▽
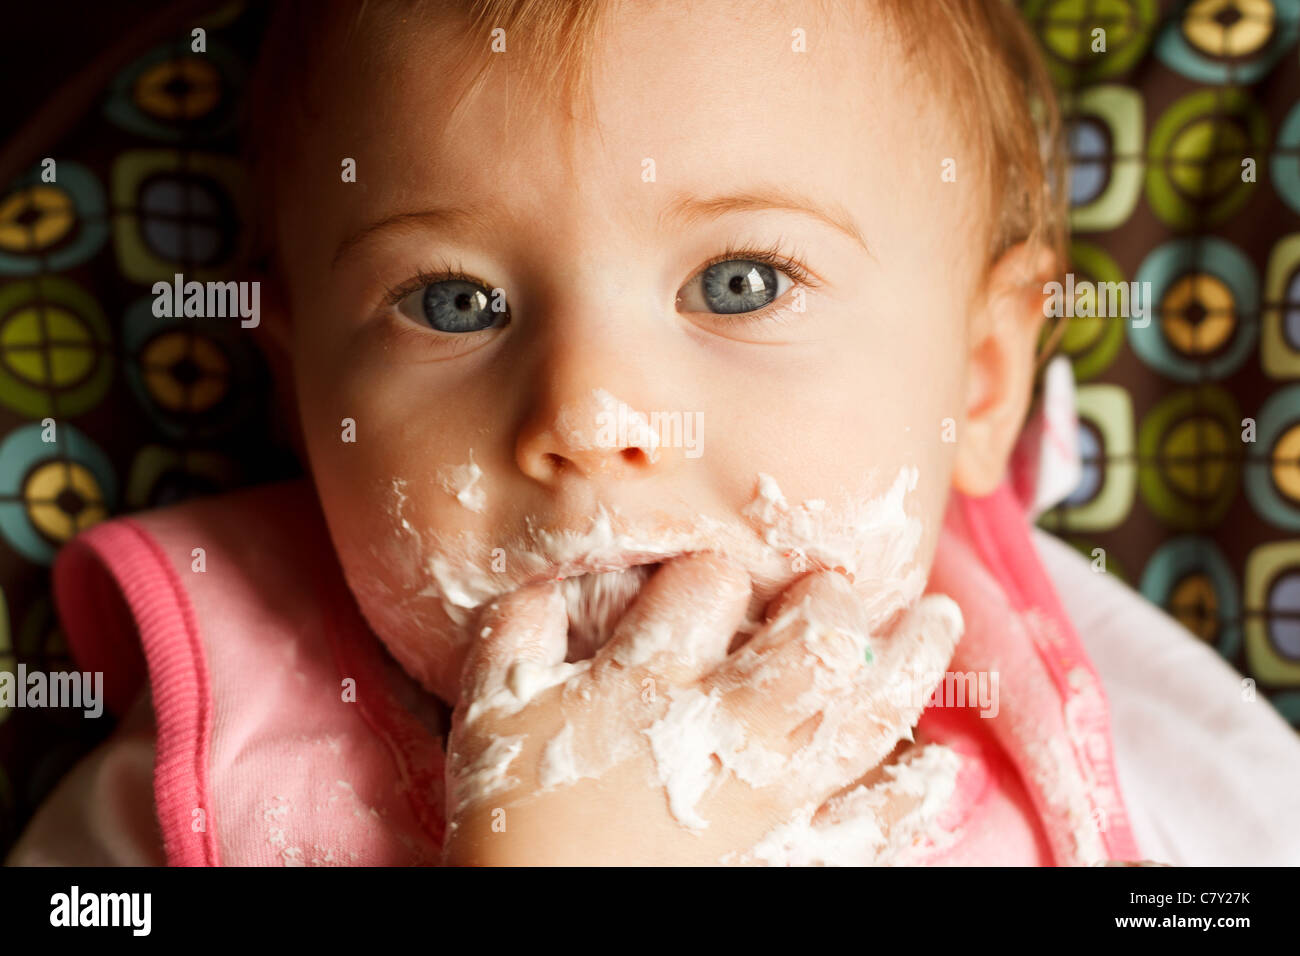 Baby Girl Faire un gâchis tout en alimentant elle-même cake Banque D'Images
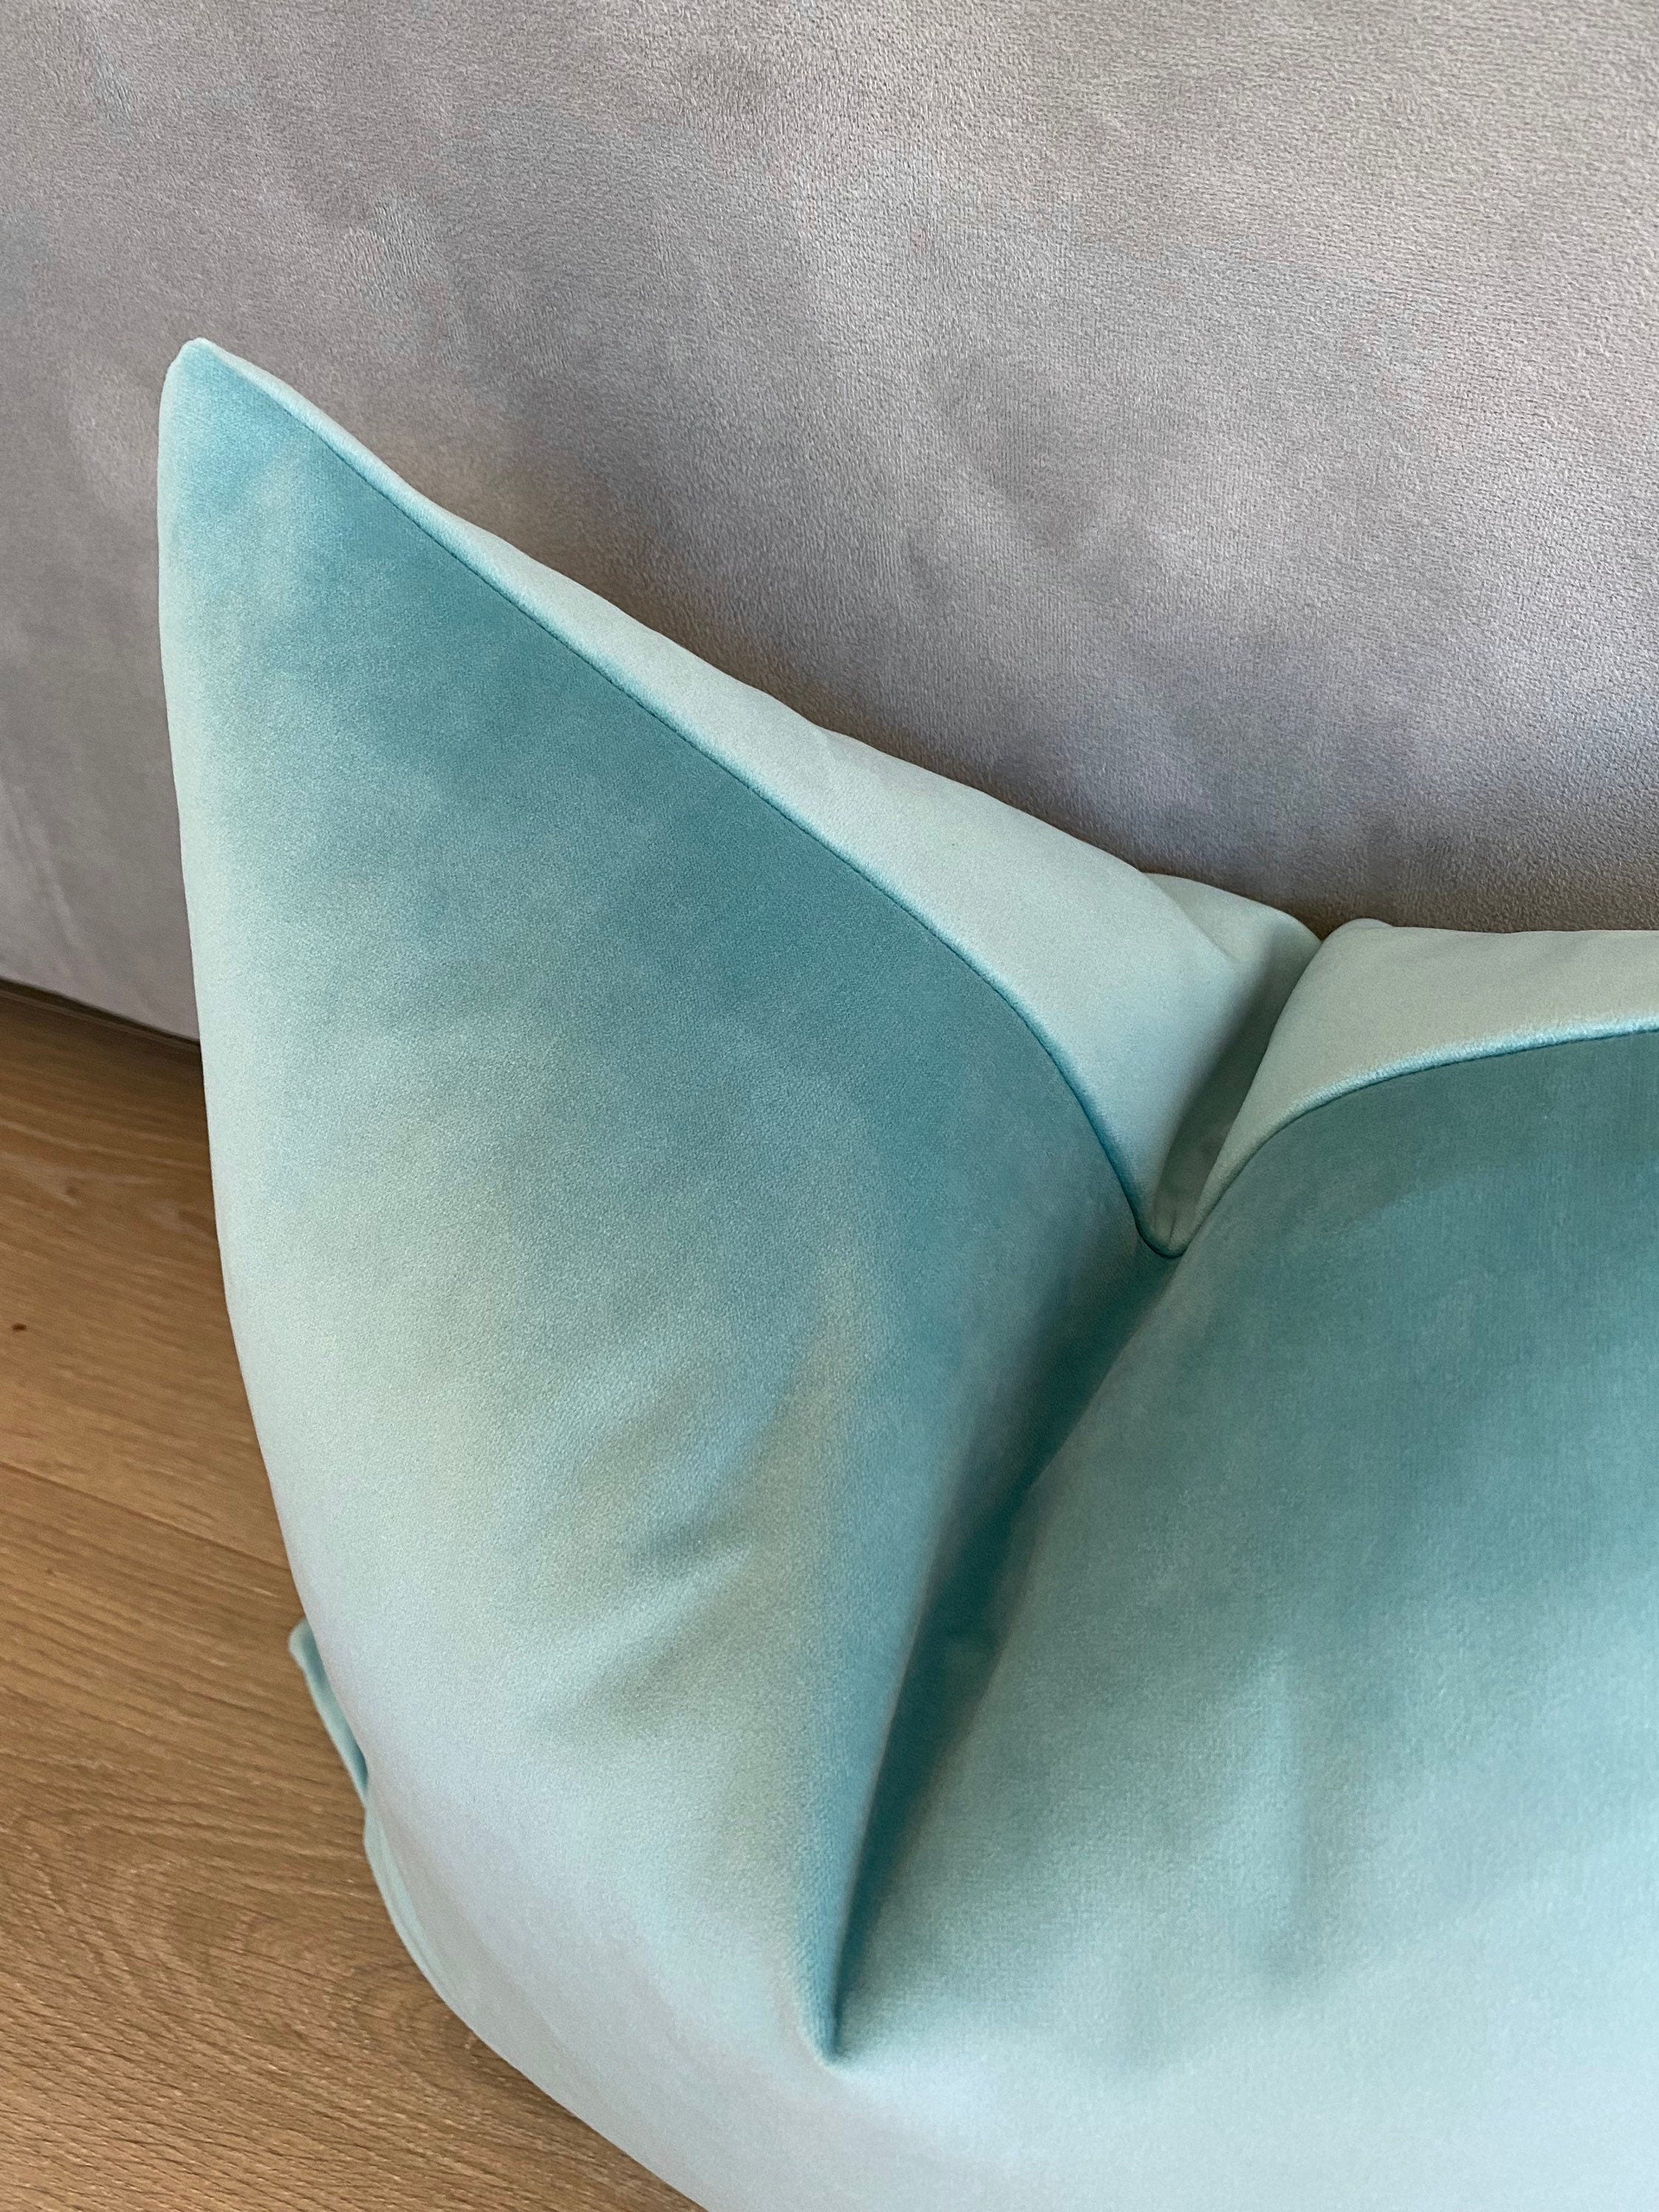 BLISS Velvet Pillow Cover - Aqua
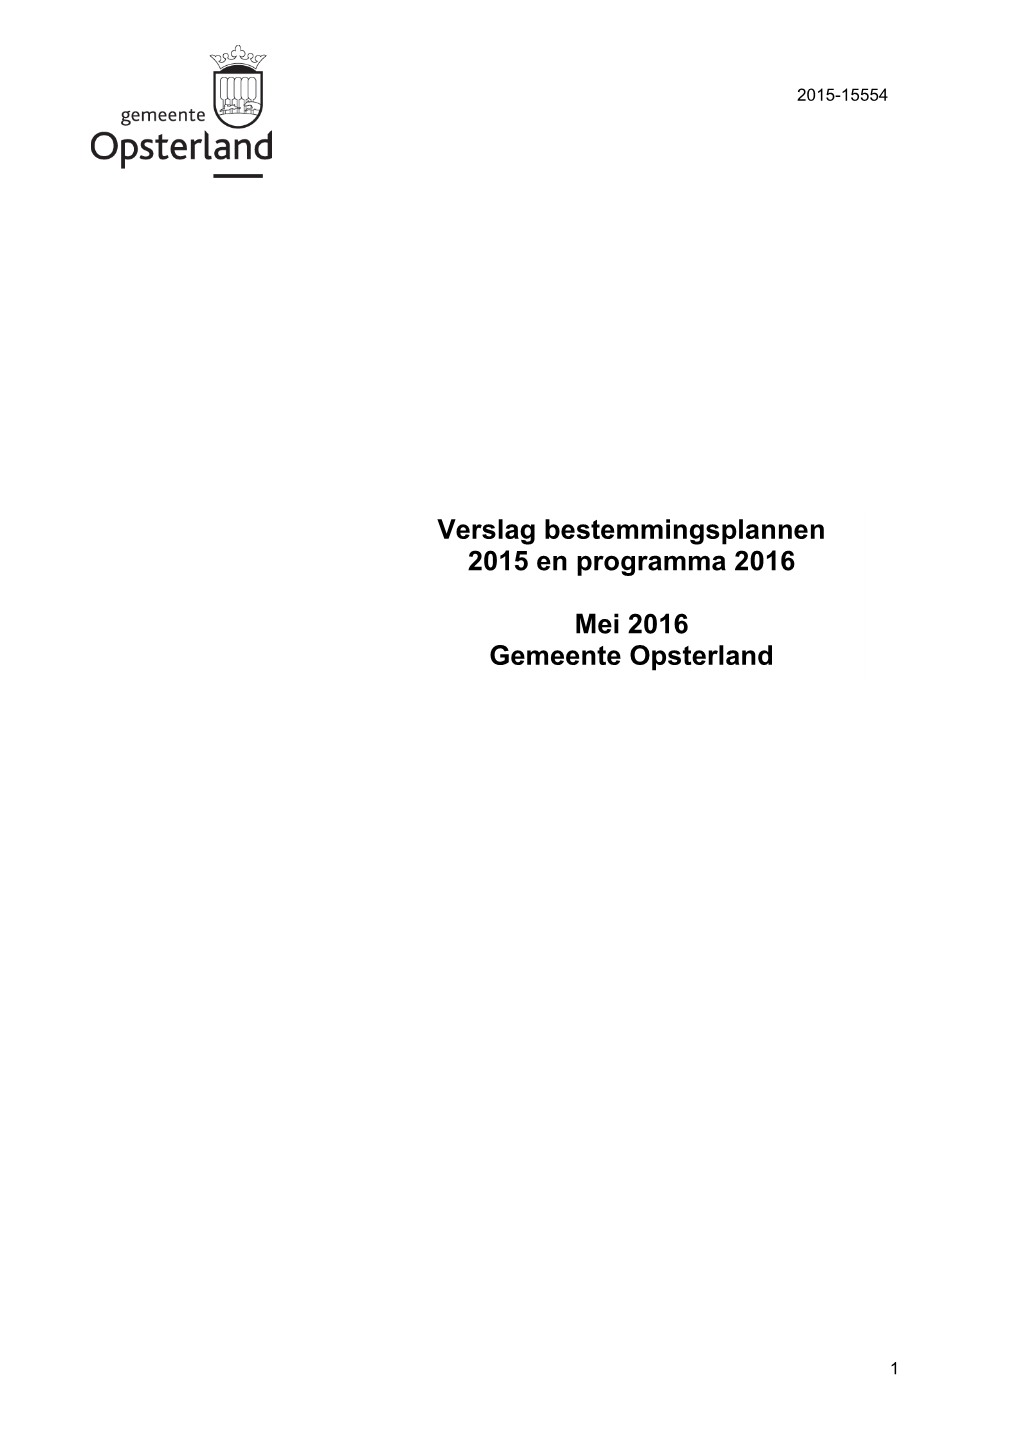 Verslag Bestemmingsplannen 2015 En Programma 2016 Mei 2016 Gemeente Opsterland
△
**Work to complete**
Exact transcription of the full listing above is required; images do not belong in it.

**Exercise response**
 Baby Girl Faire un gâchis tout en alimentant elle-même cake Banque D'Images
 BLISS Velvet Pillow Cover - Aqua
 Verslag Bestemmingsplannen 2015 En Programma 2016 Mei 2016 Gemeente Opsterland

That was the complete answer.